You can see two important attributes there that activate Drag operation: CanDrag and DragStarting. CanDrag attribute is just a flag which enables the feature for all UIElement controls but DragStaring attribute contains name for event handler. Thanks to this event handler you can define any content to drag. In my case I implemented the following handler:

private async void Image_DragStarting(UIElement sender, DragStartingEventArgs args) { List<IStorageItem> files = new List<IStorageItem>(); StorageFile file = await StorageFile.GetFileFromApplicationUriAsync(new Uri("ms-appx:///Assets/drone.jpg")); files.Add(file); args.DragUI.SetContentFromDataPackage(); args.Data.RequestedOperation = DataPackageOperation.Copy; args.Data.SetStorageItems(files); }

In this event handler I used StorageFile class in order to pass my image like a file and thanks to Data property of DragStartingEventArgs parameter I packaged the file to the object of DataPackage class. DataPackage class is very popular among different features in Universal Windows Platform and usually you need to pass it to the operation system and OS allows to select the target application. But in case of Drag functionality user selects the target directly. So, we just need to prepare the DataPackage and that’s all.

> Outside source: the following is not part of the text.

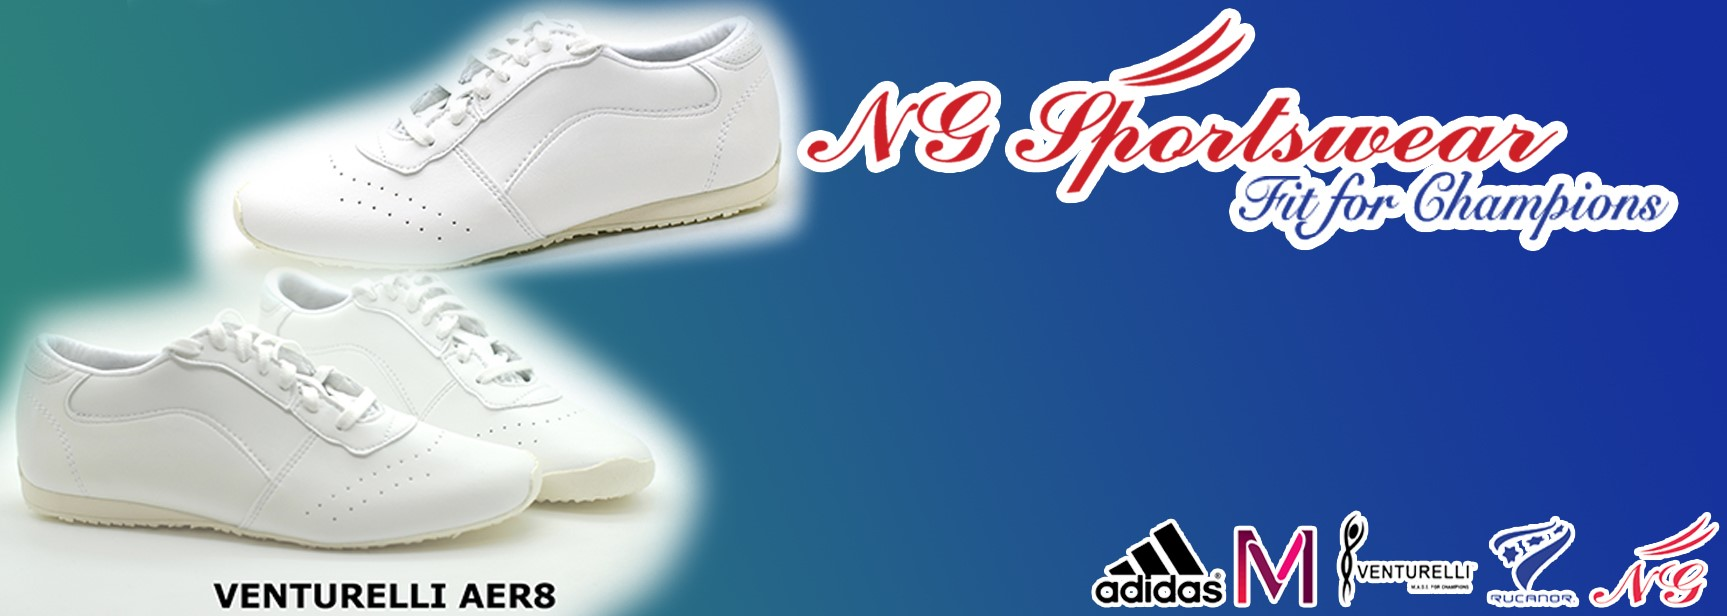 04f4576a4dd3 NG Sportswear International Ltd

Additionally I used two important properties there: DragUI and RequestedOperation. Thanks to the RequestedOperation I can assign the right operation and user should not be able to select anything from system menu – just drag and drop. Thanks to DragUI I can apply the content which will be shown during Drag operation. If you don’t use DragUI property, user will see the same image with the same width and height like in your application. It’s not very cozy to drag a huge image especially if you don’t use RequestedOperation – the system menu will be behind the image. That’s why you can assign any other content using DragUI or use SetContentFromDataPackage method in order to ask API to prepare appropriate icon for you based on content in DataPackage.

Just run the application and drag and drop the image to the file explorer – image will be copied to the selected folder.

Let’s see how to implement an opposite task – Drop functionality. I want to accept several images. So, I am going to use ListView in order to show my items.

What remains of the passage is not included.